▶ _Problem to solve_
From the line containing "O chapéu ensolarado" through the last line, print the records exactly and nothing else.

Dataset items
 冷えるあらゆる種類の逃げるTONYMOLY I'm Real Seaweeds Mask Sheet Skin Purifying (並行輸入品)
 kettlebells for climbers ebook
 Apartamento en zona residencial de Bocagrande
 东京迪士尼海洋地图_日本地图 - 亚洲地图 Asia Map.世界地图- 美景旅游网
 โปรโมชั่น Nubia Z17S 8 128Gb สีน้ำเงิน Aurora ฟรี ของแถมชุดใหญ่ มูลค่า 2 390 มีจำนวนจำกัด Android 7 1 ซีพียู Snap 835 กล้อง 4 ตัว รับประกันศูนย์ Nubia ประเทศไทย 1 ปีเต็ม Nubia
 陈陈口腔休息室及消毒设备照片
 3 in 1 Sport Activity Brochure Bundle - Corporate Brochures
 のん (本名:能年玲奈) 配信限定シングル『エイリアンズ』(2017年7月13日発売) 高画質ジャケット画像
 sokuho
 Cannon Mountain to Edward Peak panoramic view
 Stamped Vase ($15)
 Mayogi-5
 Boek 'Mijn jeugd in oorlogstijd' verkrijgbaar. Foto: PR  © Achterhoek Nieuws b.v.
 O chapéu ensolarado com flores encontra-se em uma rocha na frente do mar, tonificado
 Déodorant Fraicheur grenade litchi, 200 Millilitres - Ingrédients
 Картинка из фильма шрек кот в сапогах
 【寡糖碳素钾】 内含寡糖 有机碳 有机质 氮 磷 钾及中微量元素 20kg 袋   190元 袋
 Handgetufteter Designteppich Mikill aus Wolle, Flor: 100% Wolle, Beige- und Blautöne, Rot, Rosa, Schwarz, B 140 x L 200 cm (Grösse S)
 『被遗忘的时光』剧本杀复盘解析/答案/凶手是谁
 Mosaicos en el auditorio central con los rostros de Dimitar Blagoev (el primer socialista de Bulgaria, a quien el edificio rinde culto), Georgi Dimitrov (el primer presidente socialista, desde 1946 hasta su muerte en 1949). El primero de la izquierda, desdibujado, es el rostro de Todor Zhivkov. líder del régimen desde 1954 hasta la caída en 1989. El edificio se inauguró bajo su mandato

▶ _Finished task_
 O chapéu ensolarado com flores encontra-se em uma rocha na frente do mar, tonificado
 Déodorant Fraicheur grenade litchi, 200 Millilitres - Ingrédients
 Картинка из фильма шрек кот в сапогах
 【寡糖碳素钾】 内含寡糖 有机碳 有机质 氮 磷 钾及中微量元素 20kg 袋   190元 袋
 Handgetufteter Designteppich Mikill aus Wolle, Flor: 100% Wolle, Beige- und Blautöne, Rot, Rosa, Schwarz, B 140 x L 200 cm (Grösse S)
 『被遗忘的时光』剧本杀复盘解析/答案/凶手是谁
 Mosaicos en el auditorio central con los rostros de Dimitar Blagoev (el primer socialista de Bulgaria, a quien el edificio rinde culto), Georgi Dimitrov (el primer presidente socialista, desde 1946 hasta su muerte en 1949). El primero de la izquierda, desdibujado, es el rostro de Todor Zhivkov. líder del régimen desde 1954 hasta la caída en 1989. El edificio se inauguró bajo su mandato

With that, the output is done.